Phyton 35 is basically the same product that they re-designed to meet California use rules.

But I'm curious where you read that Phyton27 is illegal?


----------



## troy (Oct 13, 2014)

John, the cal west guy told me when I asked him


----------



## gonewild (Oct 13, 2014)

I think whoever told you it was illegal was wrong.

Here is link to a company in Santa Barbara that sells it...
http://rosecare1.stores.yahoo.net/pep15.html


----------



## troy (Oct 13, 2014)

Huh, 3 years ago they made it illegal either the site hasn't been updated or they don't adhere to the ca. Law, nonetheless I'm gonna try it


----------



## troy (Oct 13, 2014)

Sulphur won't work?


----------



## gonewild (Oct 13, 2014)

troy said:


> Huh, 3 years ago they made it illegal either the site hasn't been updated or they don't adhere to the ca. Law, nonetheless I'm gonna try it



AgriTurf is the owner of the website and they have been ag suppliers in Santa Barbara for a long time. Call them and ask.


----------



## gonewild (Oct 13, 2014)

troy said:


> Sulphur won't work?



work for what? It won't have the same effects as copper if that is what you are asking.


----------



## troy (Oct 13, 2014)

Work as a fungicide? Diluted with ph neutral water with epsom salts?


----------



## gonewild (Oct 13, 2014)

troy said:


> Work as a fungicide? Diluted with ph neutral water with epsom salts?



It probably would be satisfactory for surface fungi like mildew but not very good for systemic infections.

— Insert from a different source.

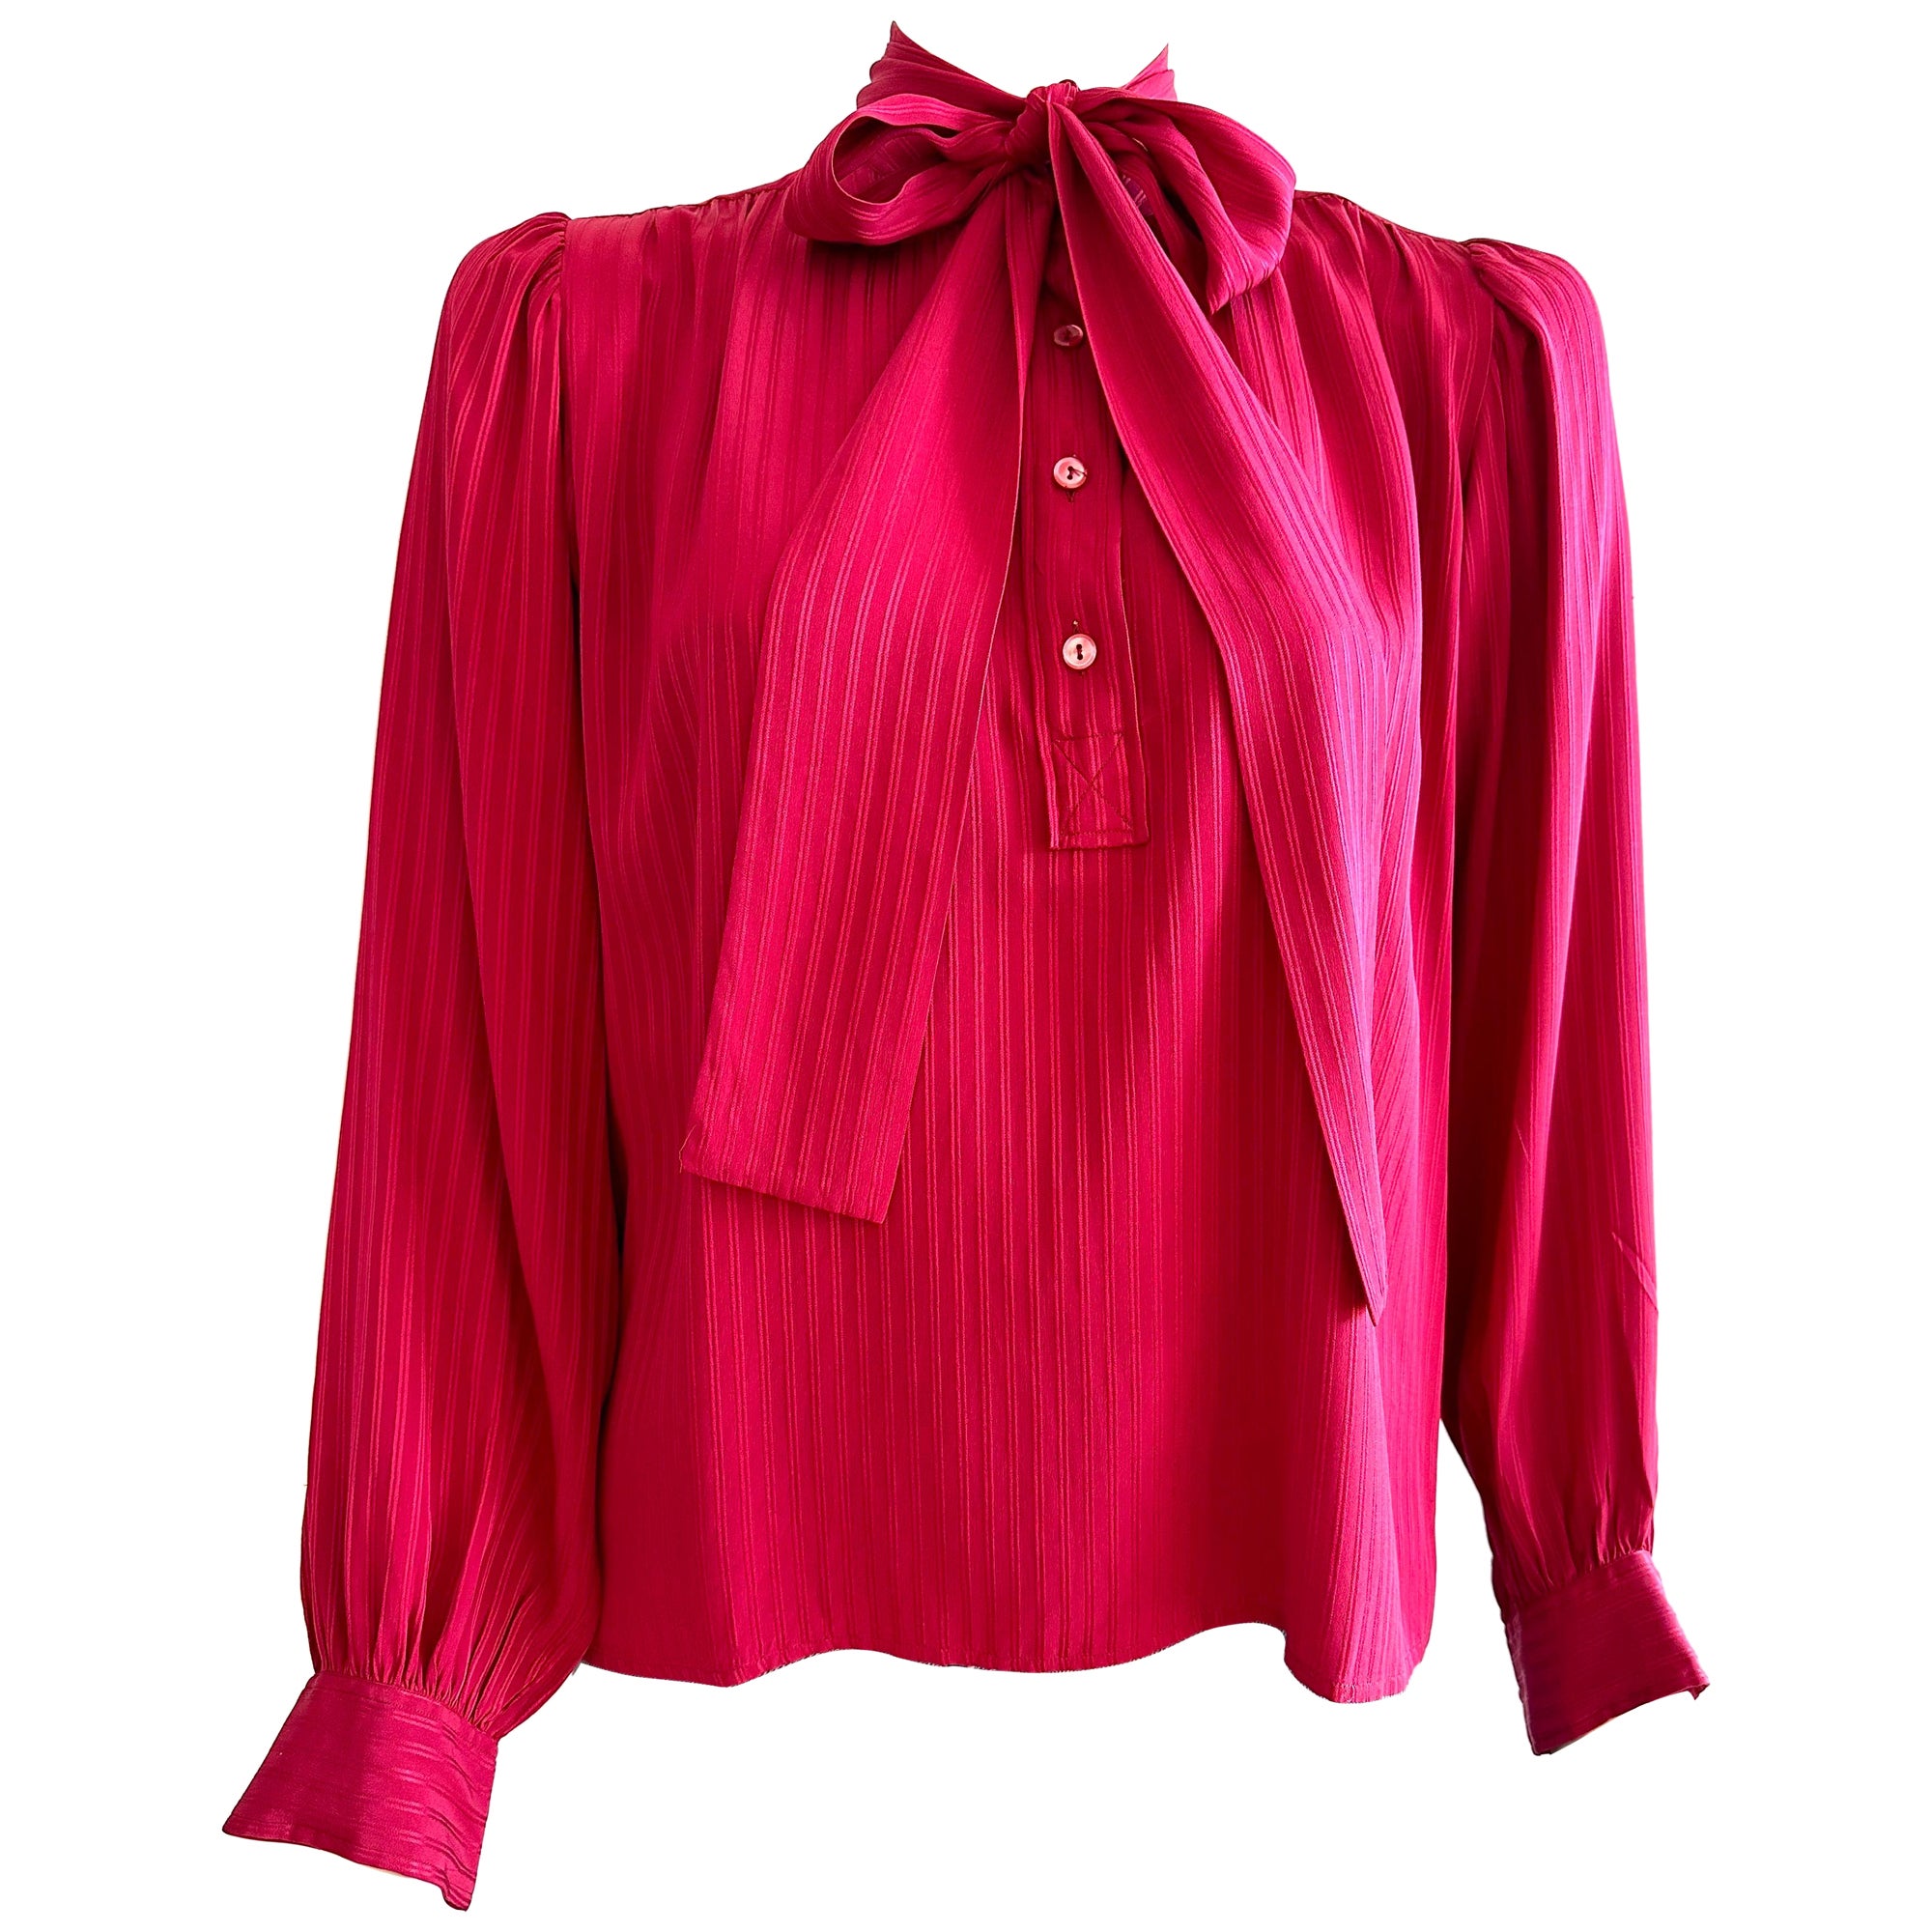 YSL Yves saint Laurent lavalliere blouse in red silk

Sulfur was one of the first chemicals used as fungicide but it obviously is not very effective or it would be used more now. If you are intent on organic growing it might be a good choice but if you want to control disease quickly it's probably not so good.


----------



## troy (Oct 13, 2014)

I just can't find copper sulfate unless one of these mail order companies will just ship it to me uugghh, thanks for the input. oops that last message I wrote was wrong what I meant is would that copper product work I have posted here with either epsom salts mixed with it or sulphur?


----------



## gonewild (Oct 13, 2014)

What are you trying to kill with this mixture?

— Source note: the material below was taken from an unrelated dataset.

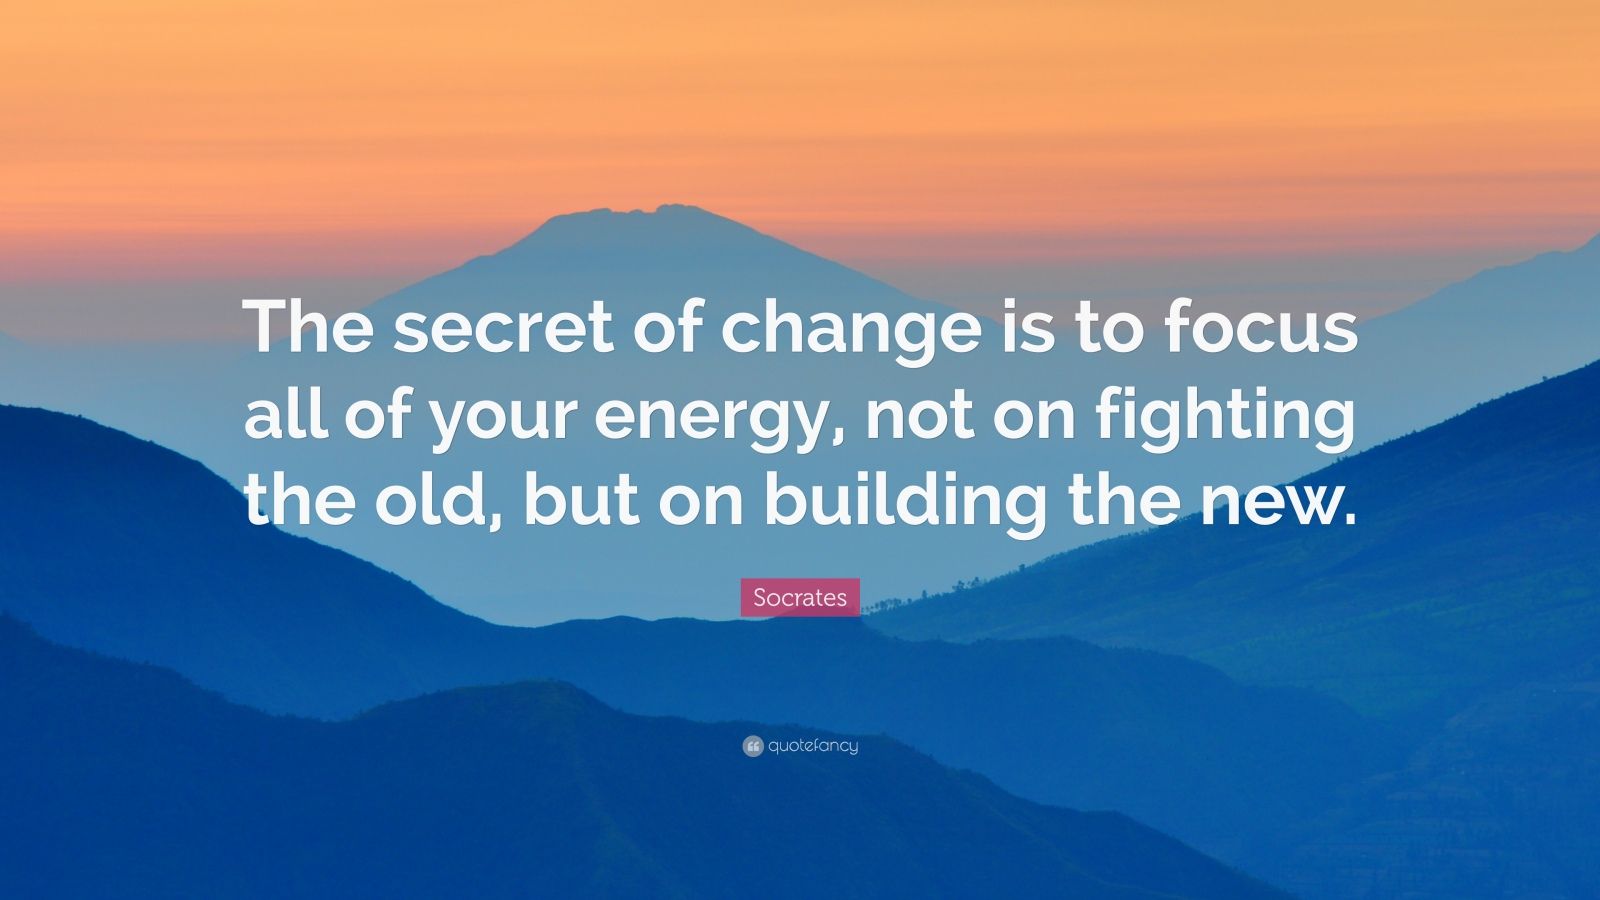 1701519 Socrates Quote The secret of change is to focus all of your energy

I would think the copper would kill anything that the sulfur would so adding the sulfur would be of no value.


----------



## troy (Oct 13, 2014)

Orange spotting and on some of my plants on the base of leaves


----------



## gonewild (Oct 13, 2014)

You can buy copper sulfate at pet shops for aquarium and pond treatment.


----------



## troy (Oct 13, 2014)

I already tried that lol.. theres a huge aquarium store by my house


----------



## troy (Oct 13, 2014)

I've been looking for 10 days no luck so yrsterday I got a fan and humidifier


----------



## Justin (Oct 13, 2014)

just buy some Phyton 27.

http://www.orchidmix.com/cat3.htm


----------



## gonewild (Oct 13, 2014)

troy said:


> I already tried that lol.. theres a huge aquarium store by my house



Are you saying the aquarium store does not have any medicine made with copper sulfate?


----------



## troy (Oct 13, 2014)

Yes, they don't have that in any form


----------



## kellyincville (Oct 14, 2014)

I would be very surprised if copper sulfate was illegal in CA. Its use is widespread in the wine industry and would be creating quite an uproar if so. 

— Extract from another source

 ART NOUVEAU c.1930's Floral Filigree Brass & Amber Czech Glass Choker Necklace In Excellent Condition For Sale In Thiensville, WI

Sent from my iPhone using Tapatalk


----------



## troy (Oct 14, 2014)

Would you send me some copper sulfate? I'll pay for it


----------



## kellyincville (Oct 14, 2014)

http://www.thevintnervault.com/index.php?p=view_product&product_id=1485


Sent from my iPhone using Tapatalk


----------



## gonewild (Oct 14, 2014)

Copper sulfate is not illegal in California. It's use is highly restricted in Counties near the San Francisco Bay. Specifically it is prohibited for use in septic systems and tidal areas
Because of the strong use restrictions most chemical companies no longer distribute to California.
BUT there is plenty of Copper sulfate sold and used in California.
All you have to do is buy in online and there is no law against in shipping to California or against buying it.


----------



## troy (Oct 14, 2014)

I live in the bay area I cannot get it


----------



## gonewild (Oct 14, 2014)

order it online.


----------



## kellyincville (Oct 14, 2014)

troy said:


> I live in the bay area I cannot get it




Check the link I posted. It's a good price and a reputable company that I've purchased from in the past. 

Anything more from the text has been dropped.